Спустя три недели настал день, когда он сделал именно это. Вокруг них расстилался луг, как зелёный ковёр. Её соломенная шляпка лежала на траве, подобно огромной ромашке. Около них журчала речка, разбиваясь пенными брызгами о блестящие скалы. Стоял полдень, и в безоблачном небе высоко и неподвижно висело солнце.
– Ты знаешь, что больше часа лежишь, положив голову мне на колени? – спросила она.
Он продолжал жевать травинку.
– Мужчина был создан для того, чтобы лежать, – заявил он глубокомысленно через некоторое время. – Взгляд на анатомию человека должен убедить тебя в этом. Если Создатель хотел бы заставить человека стоять, Он бы придал ему форму пирамиды. – Он бросил взгляд на её склонённое лицо. – Из тебя получилась бы очень симпатичная пирамидка.
Она с улыбкой покачала головой, как мать, прощающая глупость своего ребёнка:
– Ты никогда не повзрослеешь.
– Мужчины вырастают, умнеют и хорошеют с годами. Женщины же сначала растут в высоту, затем в ширину и быстро превращаются в объекты, вызывающие отвращение. Таков закон Вселенной. – Он погрузился в молчание, зажав между улыбающимися губами травинку.

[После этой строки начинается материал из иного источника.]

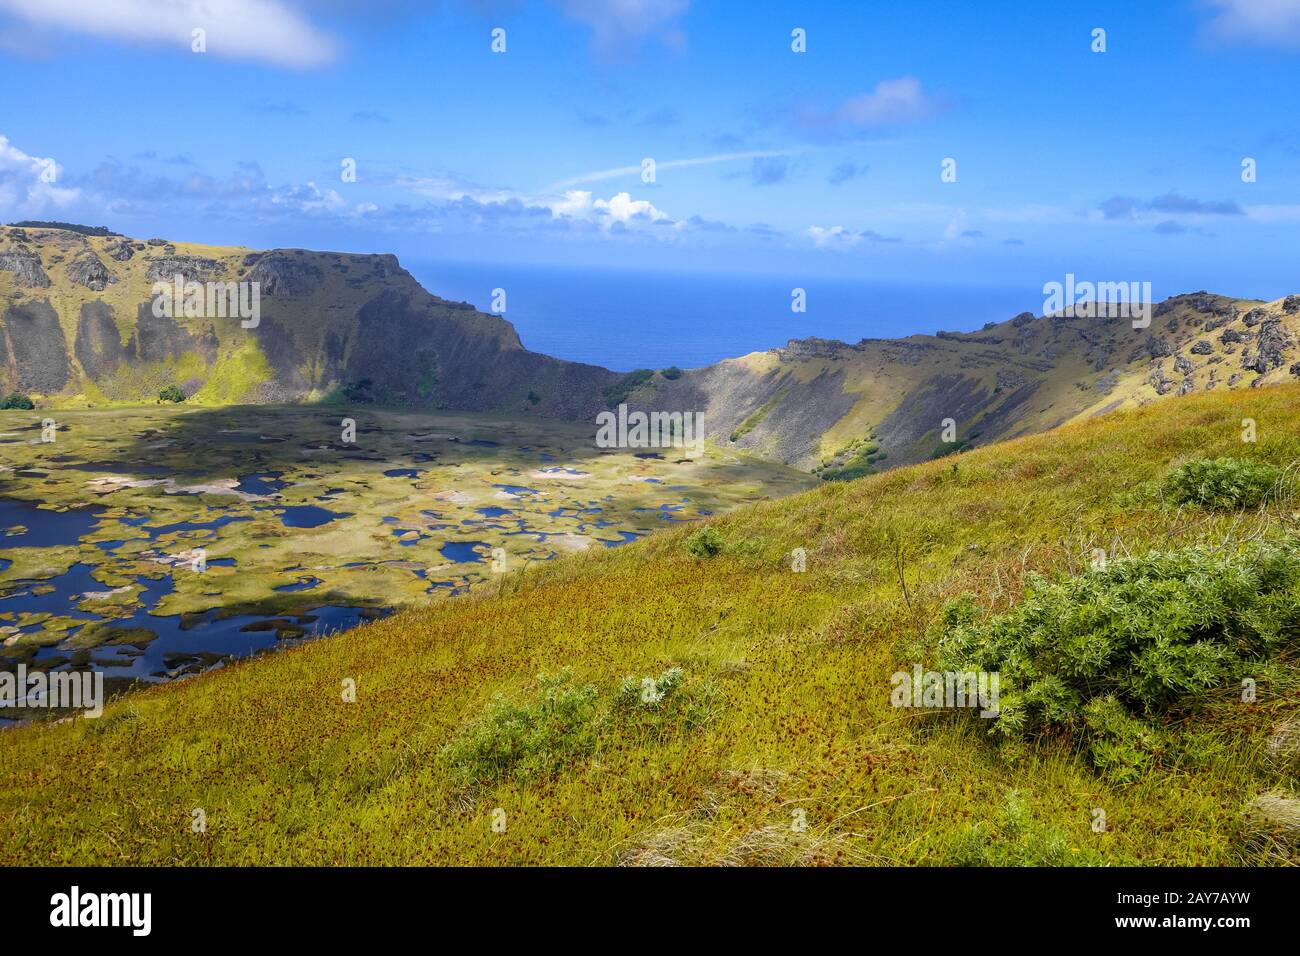 Rano Kau volcano crater in Easter Island Stock Photo

Она нагнулась и поцеловала его в кончик носа.
– Можешь говорить глупейшие вещи, но я люблю тебя. – Она была счастлива, потому что напряжение последних недель в Дюссельдорфе оставило его, и к нему вернулась его насмешливая весёлость, являвшаяся отражением его внутренней умиротворённости. Вначале она была озадачена, почти огорчена его юношеским озорством. Женатым мужчинам полагалось быть солидными, молчаливыми, всегда думающими о серьёзных вещах. Теперь она поняла, что это было инстинктивным расслаблением очень эмоциональной, сверхчувствительной натуры. – Разве ты не хочешь посмотреть свою почту? Она пришла вчера.
– Выброси её, – сказал он, махнув рукой. Затем без всякого перехода продолжал: – Швейцарцы – самые умные люди в мире. При различных национальностях, религиях и культурах они умудрились жить в мире друг с другом и со своими соседями. – Он взглянул на неё, словно погруженный в какие-то глубокие размышления. – Теперь я понимаю, что основная причина, по которой я позволил тебе заманить меня в ловушку женитьбы, в том, что твой отец был швейцарцем.
Она игриво взъерошила ему волосы:
– Заманила тебя в ловушку, ты сказал?
– Конечно. Ты была тогда восемнадцатилетняя старая дева и отчаянно хотела заполучить мужа. В тот момент, когда ты увидела меня, ты догадалась, что я кладезь мудрости, образец благородства, обладающий храбростью льва, великодушием слона...
– Ты прочтёшь свою почту или нет? – перебила она.
– Хорошо, – проворчал он, садясь. – Давай взглянем на этот вздор.
Из плетёной корзинки она достала пачку писем и протянула ему. Он просматривал обратные адреса, небрежно бросая конверты ей на колени. Вдруг его рука замерла.
– Что это такое? – пробормотал он.
Его нахмуренное лицо превратилось в маску сосредоточенного внимания, когда он срывал сургучные печати.
– В чём дело, дорогой? – спросила она, когда он кончил читать письмо.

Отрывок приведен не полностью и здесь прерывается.